> _Exercise input_
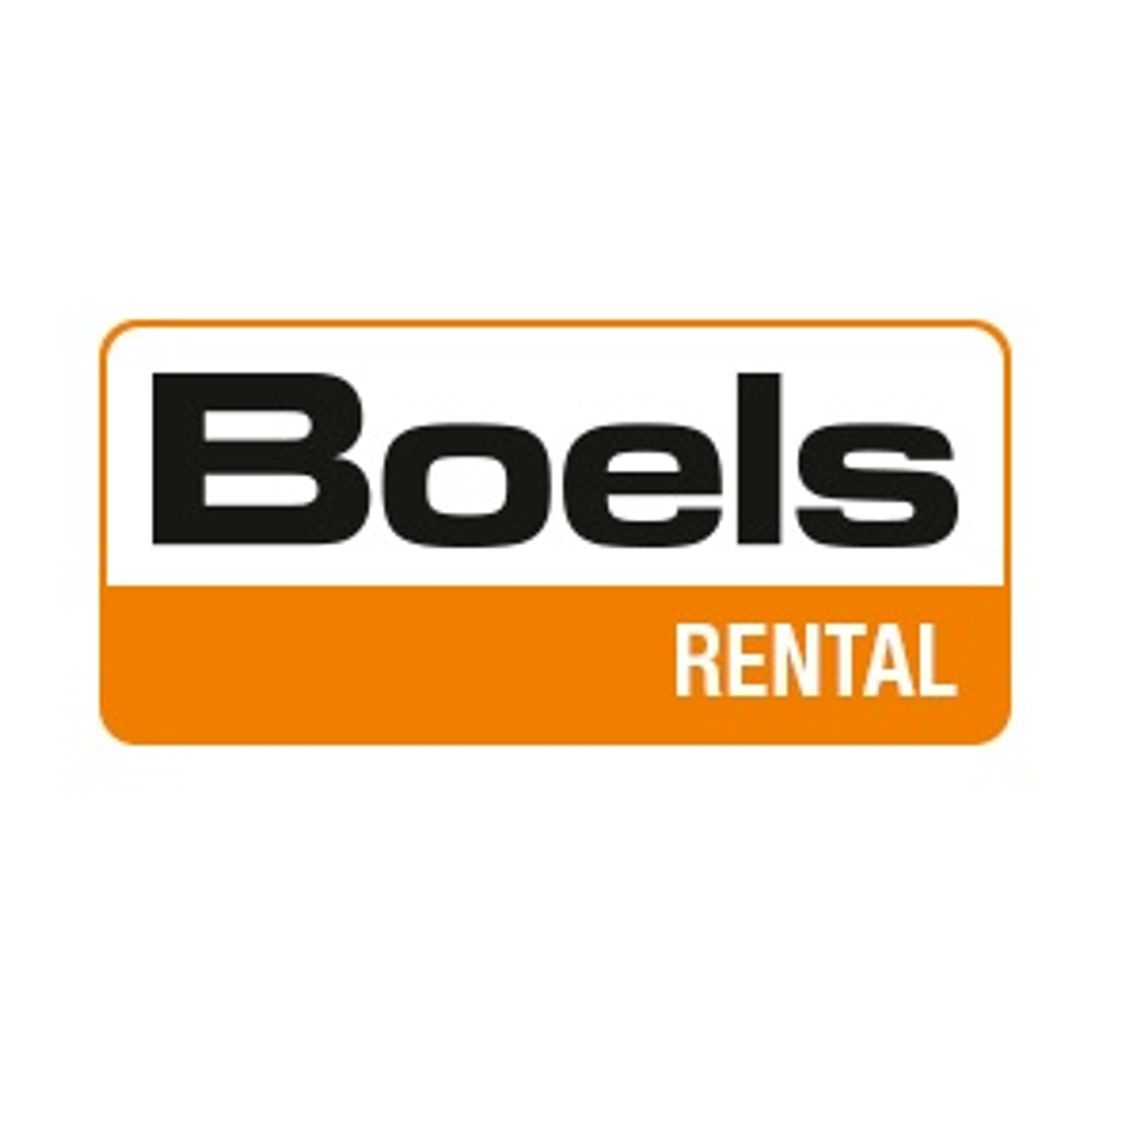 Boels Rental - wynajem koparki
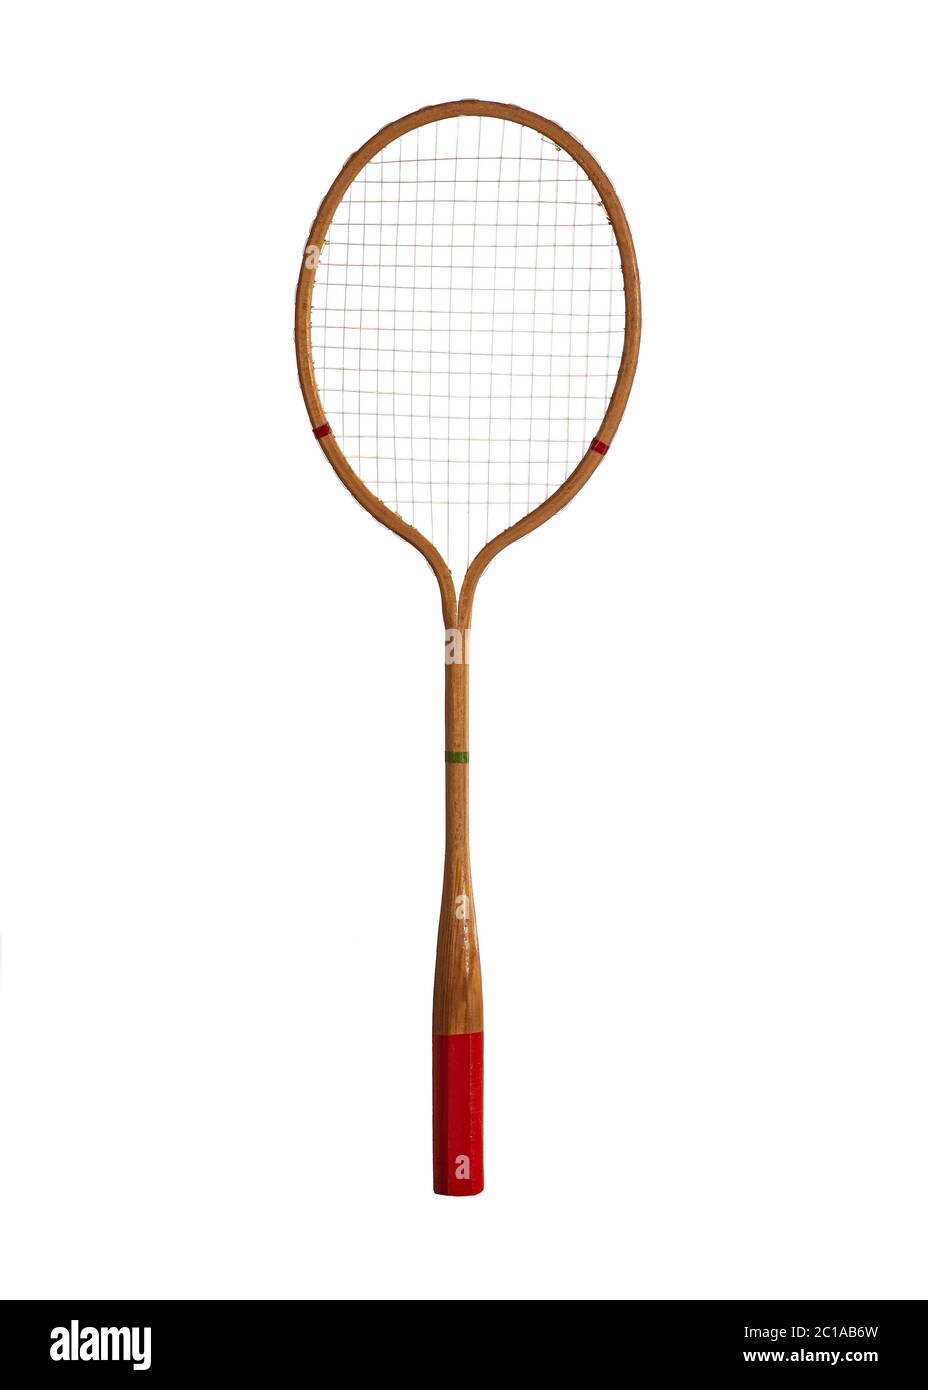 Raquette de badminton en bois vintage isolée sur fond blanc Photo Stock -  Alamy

--

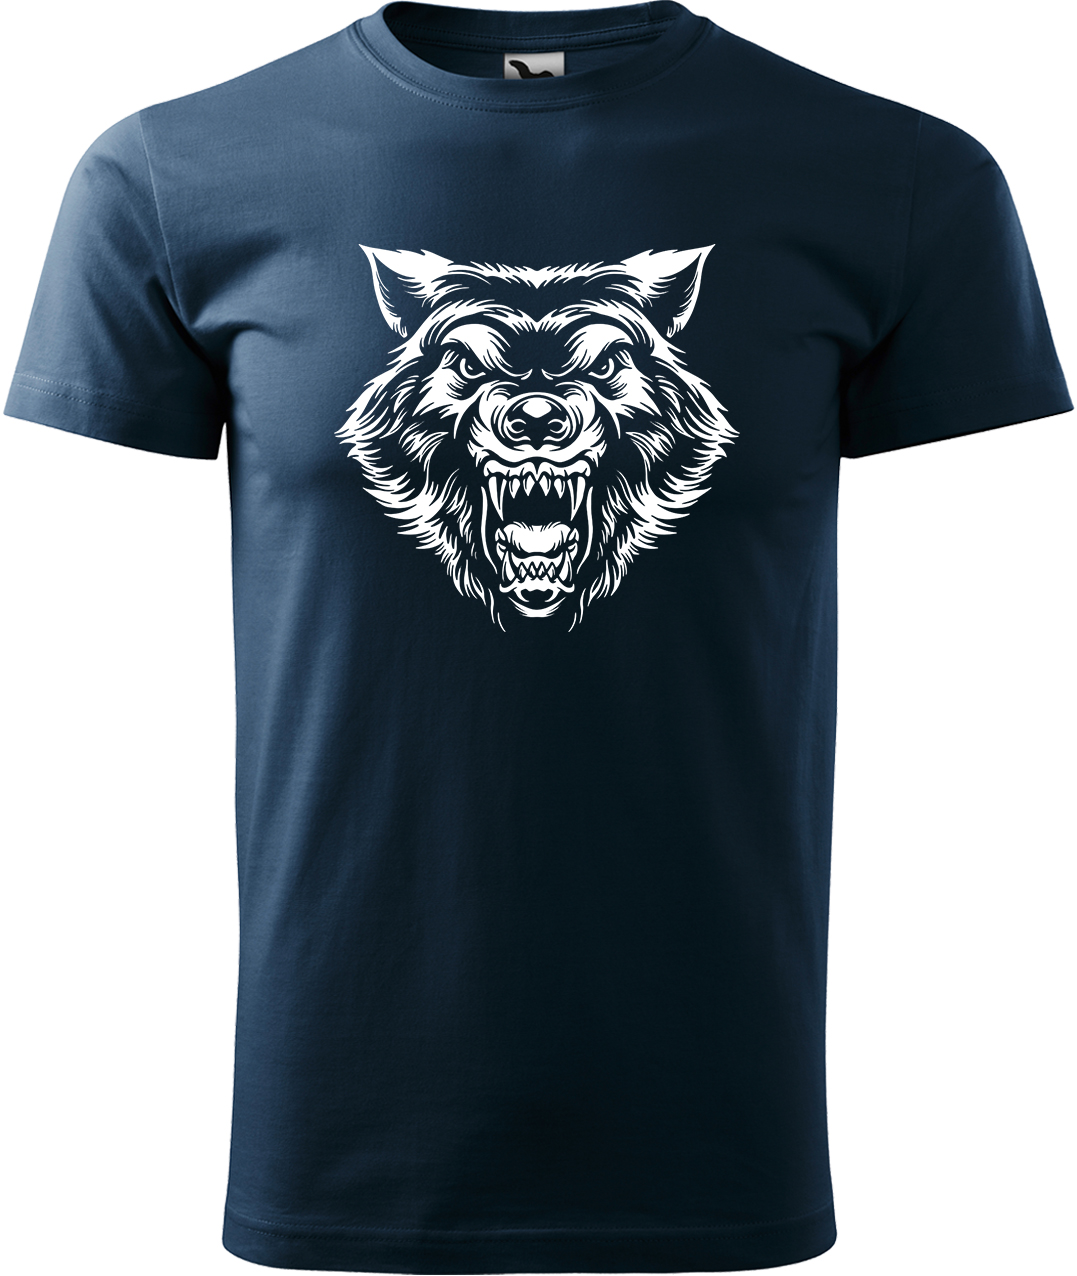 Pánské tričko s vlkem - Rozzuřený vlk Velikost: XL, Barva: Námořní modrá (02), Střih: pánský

> _Exercise prompt_
In the listing above, find the line with "Boels Rental - wynajem koparki" and the line with "Raquette de badminton". Transcribe those two and everything between, exactly, leaving out pictures.

> _Result for this exercise_
 Boels Rental - wynajem koparki
 Raquette de badminton en bois vintage isolée sur fond blanc Photo Stock -  Alamy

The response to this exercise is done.